··· DATA ···
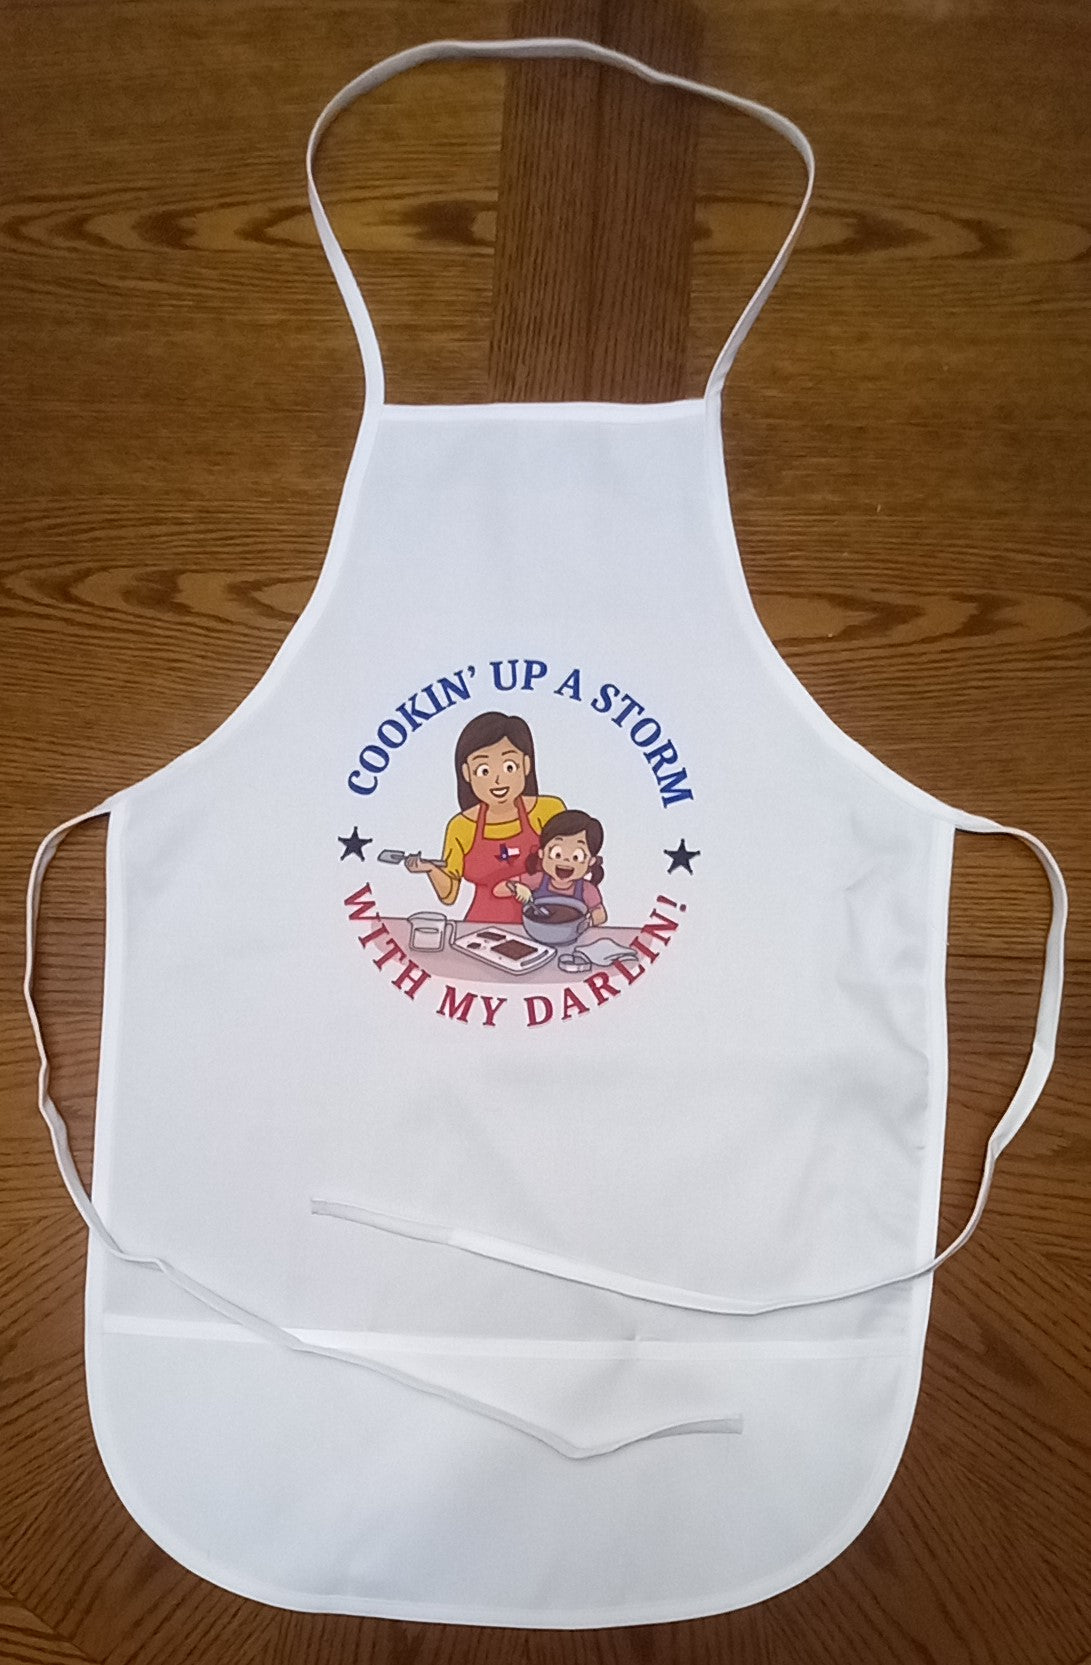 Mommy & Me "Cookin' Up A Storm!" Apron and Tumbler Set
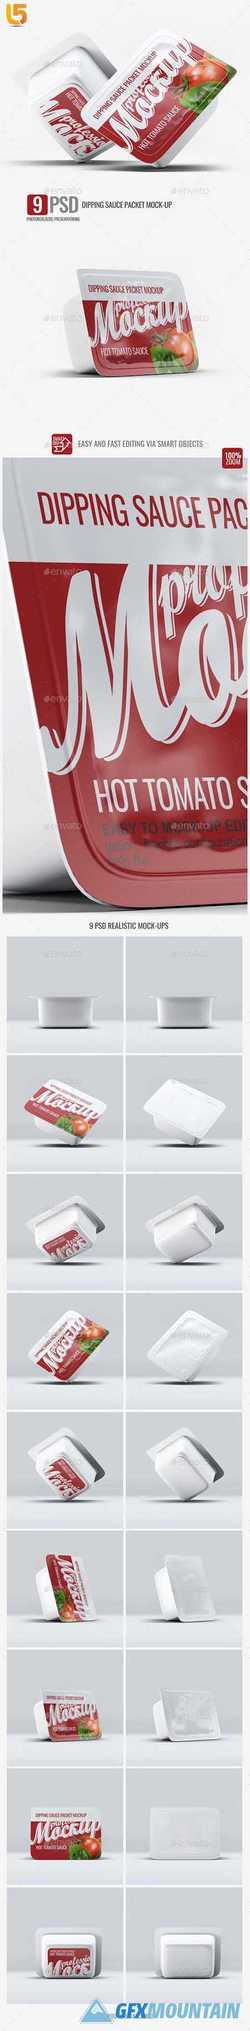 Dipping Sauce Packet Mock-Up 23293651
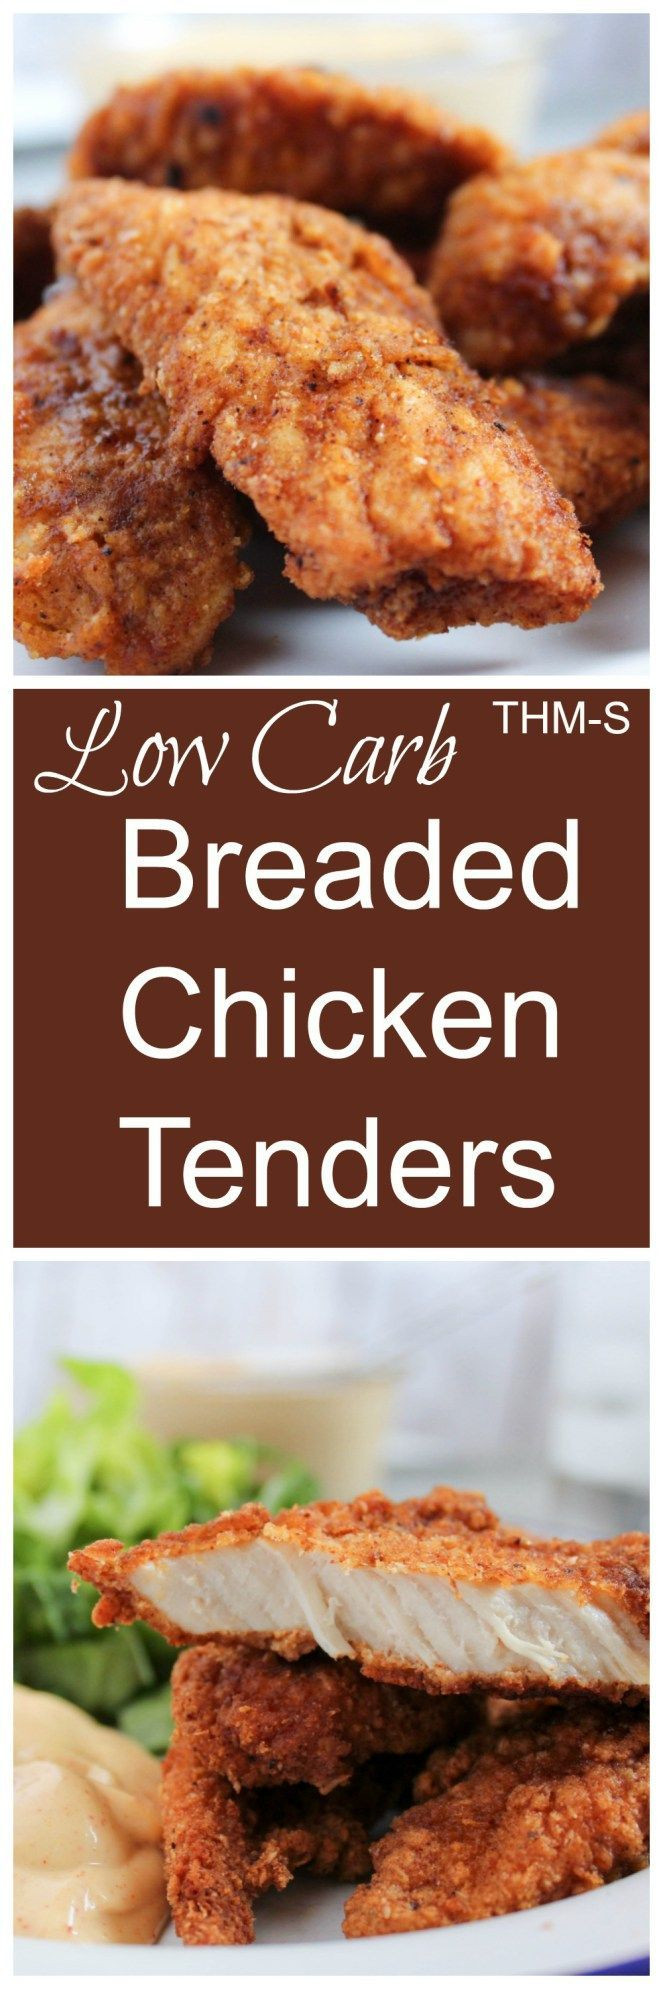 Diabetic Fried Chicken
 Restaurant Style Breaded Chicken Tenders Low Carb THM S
···
*TASK BRIEF*. Copy only this, please: the line with "Diabetic Fried Chicken" and every line after it through the end of the data, with no pictures.

*OUTPUT*.
 Diabetic Fried Chicken
 Restaurant Style Breaded Chicken Tenders Low Carb THM S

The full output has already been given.